To get this benefit, you should enable the new "--allow_large_results" flag when issuing a query job, and specify a destination table. All results will be saved to the new specified table (or appended, if the table exists). In the updated web UI these options can be found under the new "Enable Options" menu.

With this feature, you can run big transformations on your tables, plus get big subsets of data to further analyze from the new table.

Analytic functions

BigQuery's power is in the ability to interactively run aggregate queries over terabytes of data, but sometimes counts and averages are not enough. That's why BigQuery also lets you calculate quantiles, variance and standard deviation, as well as other advanced functions.

To make BigQuery even more powerful, today we are adding support for window functions (also known as "analytical functions") for ranking, percentiles, and relative row navigation. These new functions give you different ways to rank results, explore distributions and percentiles, and traverse results without the need for a self join.

To introduce these functions with an advanced example, let's use the dataset we collected from the Data Sensing Lab at Google I/O. With the percentile_cont() function it's easy to get the median temperature over each room:


SELECT percentile_cont(0.5) OVER (PARTITION BY room ORDER BY data) AS median, room
FROM [io_sensor_data.moscone_io13]
WHERE sensortype='temperature'

In this example, each original data row shows the median temperature for each room. To visualize it better, it's a good idea to group all results by room with an outer query:


SELECT MAX(median) AS median, room FROM (
  SELECT percentile_cont(0.5) OVER (PARTITION BY room ORDER BY data) AS median, room
  FROM [io_sensor_data.moscone_io13]
  WHERE sensortype='temperature'
)
GROUP BY room

We can add an additional outer query, to rank the rooms according to which one had the coldest median temperature. We'll use one of the new ranking window functions, dense_rank():


SELECT DENSE_RANK() OVER (ORDER BY median) rank, median, room FROM (
  SELECT MAX(median) AS median, room FROM (
    SELECT percentile_cont(0.5) OVER (PARTITION BY room ORDER BY data) AS median, room
    FROM [io_sensor_data.moscone_io13]
    WHERE sensortype='temperature'
  )
  GROUP BY room
)

We've updated the documentation with descriptions and examples for each of the new window functions. Note that they require the OVER() clause, with an optional PARTITION BY and sometimes required ORDER BY arguments. ORDER BY tells the window function what criteria to use to rank items, while PARTITION BY allows you to define multiple groups to be analyzed independently of each other.

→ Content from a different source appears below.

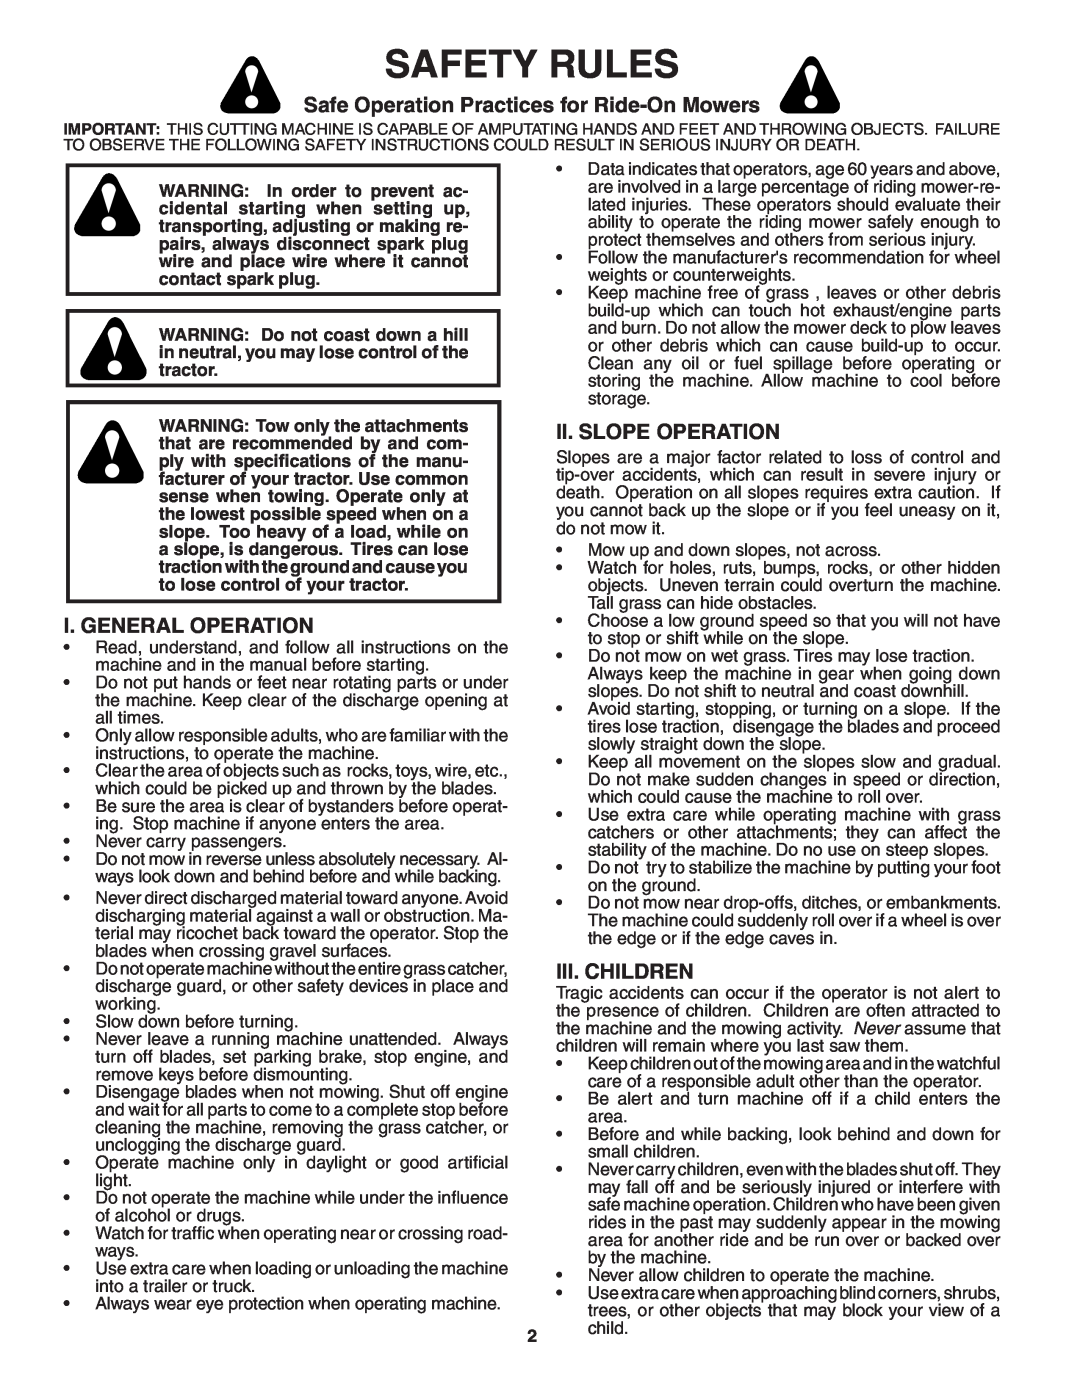 Poulan 960 72 00-06 Safety Rules, Safe Operation Practices for Ride-OnMowers, I. General Operation, Ii. Slope Operation 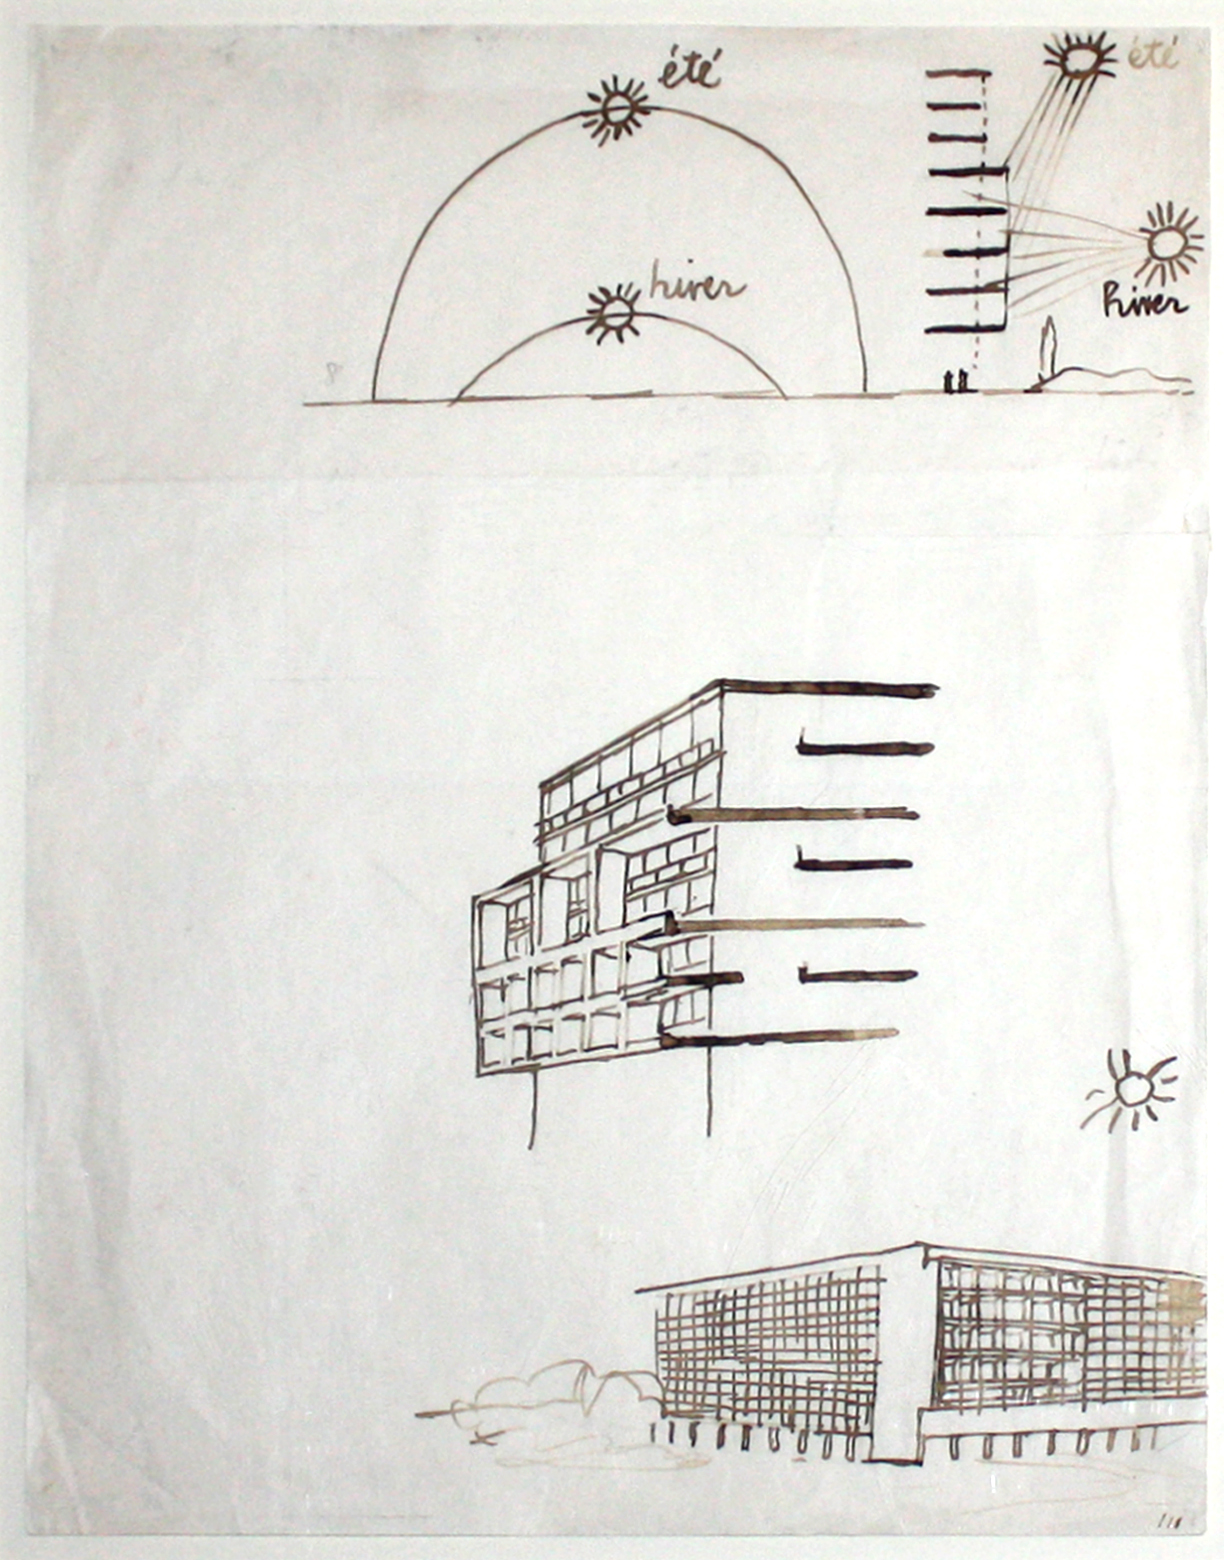 Le Corbusier, Sketches Illustrating The Principle of the Brise-Soleil

The window functions don't work with the big GROUP EACH BY and JOIN EACH BY operators, but they do work with the traditional GROUP BY and JOIN BY. As a reminder, we announced GROUP EACH BY and JOIN EACH BY last March, to allow large join and group operations.

Query caching

BigQuery now remembers values that you've previously computed, saving you time and the cost of recalculating the query. To maintain privacy, queries are cached on a per-user basis. Cached results are only returned for tables that haven't changed since the last query, or for queries that are not dependent on non-deterministic parameters (such as the current time). Reading cached results is free, but each query still counts against the max number of queries per day quota. Query results are kept cached for 24 hours, on a best effort basis. You can disable query caching with the new flag --use_cache in bq, or "useQueryCache" in the API. This feature is also accessible with the new query options on the BigQuery Web UI.

BigQuery Web UI: Query validator, cost estimator, and abandonment

The BigQuery UI gets even better: You'll get instant information while writing a query if its syntax is valid. If the syntax is not valid, you'll know where the error is. If the syntax is valid, the UI will inform you how much the query would cost to run. This feature is also available with the bq tool and API, using the --dry_run flag.

An additional improvement: When running queries on the UI, previously you had to wait until its completion before starting another one. Now you have the option to abandon it, to start working on the next iteration of the query without waiting for the abandoned one.

Pricing updates

Starting in July, BigQuery pricing becomes more affordable for everyone: Data storage costs are going from $0.12/GB/month to $0.08/GB/month. And if you are a high-volume user, you'll soon be able to opt-in for tiered query pricing, for even better value.

Bigger quota

To support larger workloads we're doubling interactive query quotas for all users, from 200GB + 1 concurrent query, to 400 GB of concurrent queries + 2 additional queries of unlimited size.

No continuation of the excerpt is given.